The frog glanced upward. “Do you?”
“Absolutely. Can you imagine the fear of drowning? Of course not. You’re a frog. Might as well be scared of breathing air. And yet here I am, clinging to your back, as the waters rage around us. Isn’t that love? Isn’t that trust? Isn’t that necessity? I could not kill you without killing myself. Are we not inseparable in this?”
The frog swam on, the both of them silent.
___
“I’m so tired,” murmured the frog eventually. “How much further to the other side? I don’t know how long we’ve been swimming. I’ve been treading water. And it’s getting so very dark.”
“Shh,” the scorpion said. “Don’t be afraid.”
The frog’s legs kicked out weakly. “How long has it been? We’re lost. We’re lost! We’re doomed to be cast about the waters forever. There is no land. There’s nothing on the other side, don’t you see!”
“Shh, shh,” said the scorpion. “My venom is a hallucinogenic. Beneath its surface, the river is endlessly deep, its currents carrying many things.”
“You - You’ve killed us both,” said the frog, and began to laugh deliriously. “Is this - is this what it’s like to drown?”
“We’ve killed each other,” said the scorpion soothingly. “My venom in my glands now pulsing through your veins, the waters of your birthing pool suffusing my lungs. We are engulfing each other now, drowning in each other. I am breathless. Do you feel it? Do you feel my sting pierced through your heart?”
“What a foolish thing to do,” murmured the frog. “No logic. No logic to it at all.”
“We couldn’t help it,” whispered the scorpion. “It’s our natures. Why else does anything in the world happen? Because we were made for this from birth, darling, every moment inexplicable and inevitable. What a crazy thing it is to fall in love, and yet - It’s all our fault! We are both blameless. We’re together now, darling. It couldn’t have happened any other way.”
___
“It’s funny,” said the frog. “I can’t say that I trust you, really. Or that I even think very much of you and that nasty little stinger of yours to begin with. But I’m doing this for you regardless. It’s strange, isn’t it? It’s strange. Why would I do this? I want to help you, want to go out of my way to help you. I let you climb right onto my back! Now, whyever would I go and do a foolish thing like that?”
___
A scorpion, not knowing how to swim, asked a frog to carry it across the river. “Do I look like a fool?” said the frog. “You’d sting me if I let you on my back!”
“Be logical,” said the scorpion. “If I stung you I’d certainly drown myself.”

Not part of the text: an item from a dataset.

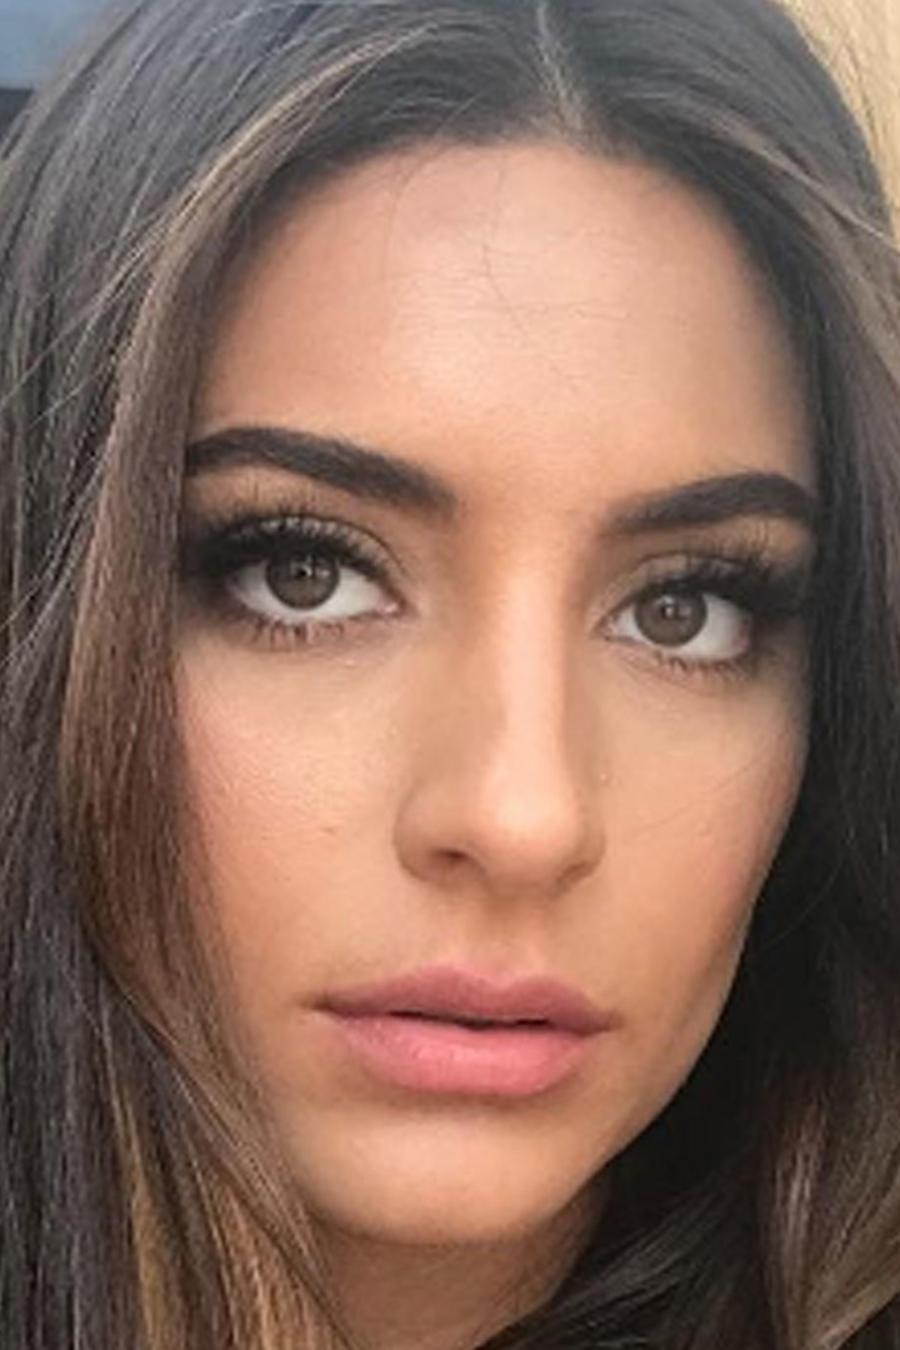 Ana Brenda Contreras selfie

“That’s true,” the frog acknowledged. “Come aboard, then!” But no sooner had the scorpion mounted the frog’s back than it began to sting, repeatedly, while still safely on the river’s bank.

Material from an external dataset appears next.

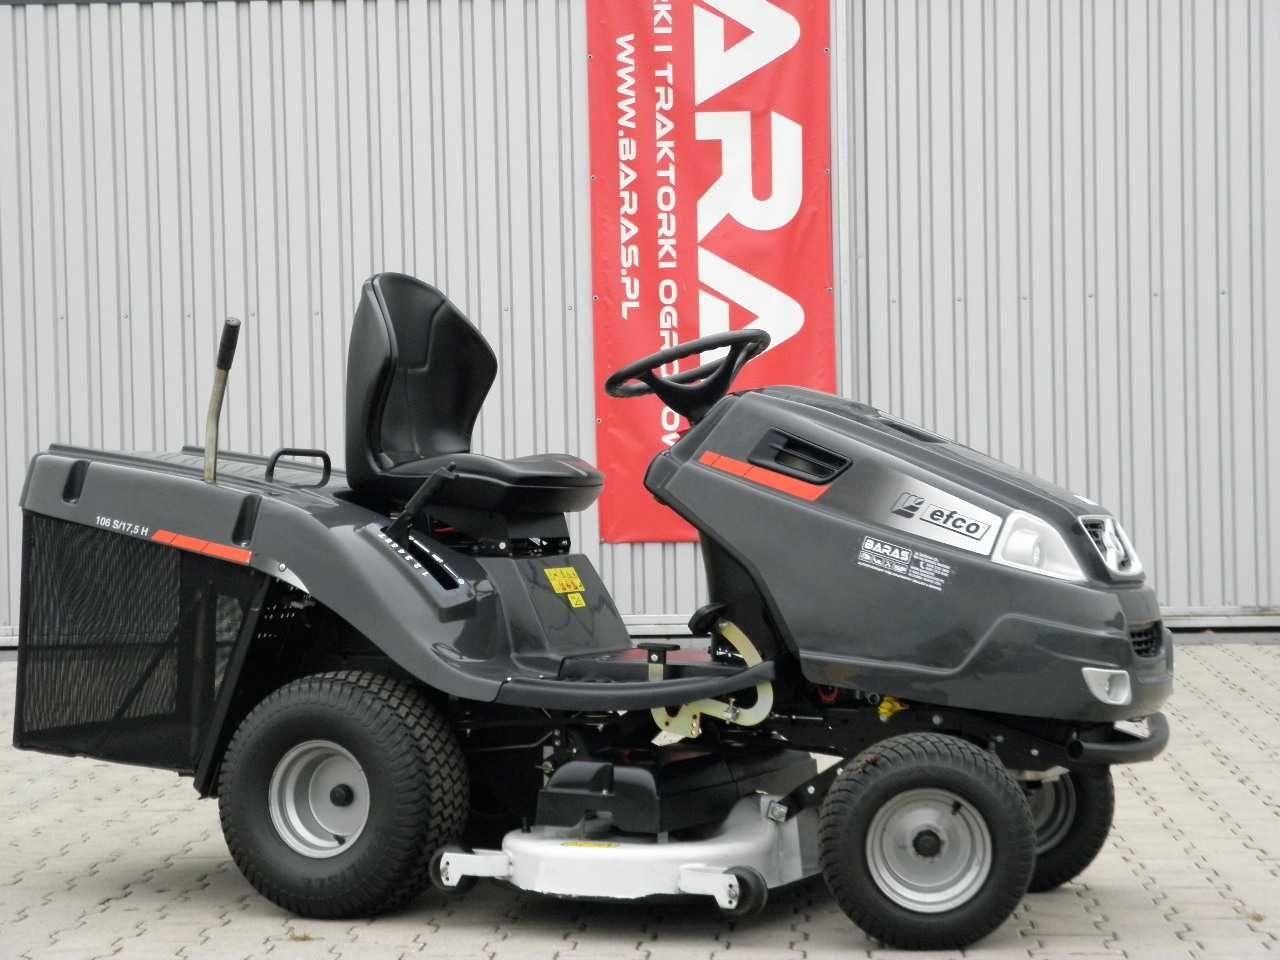 Traktorek kosiarka EFCO 106 S/ 17,5 H Vanguard (290903) - Baras

The frog groaned, thrashing weakly as the venom coursed through its veins, beginning to liquefy its flesh. “Ah,” it muttered. “For some reason I never considered this possibility.”
“Because you were never scared of me,” the scorpion whispered in its ear. “You were never scared of dying. In a past life you wore a shell and sat in judgement. And then you were reborn: soft-skinned, swift, unburdened, as new and vulnerable as a child, moving anew through a world of children. How could anyone ever be cruel, you thought, seeing the precariousness of it all?” The scorpion bowed its head and drank. “How could anyone kill you without killing themselves?”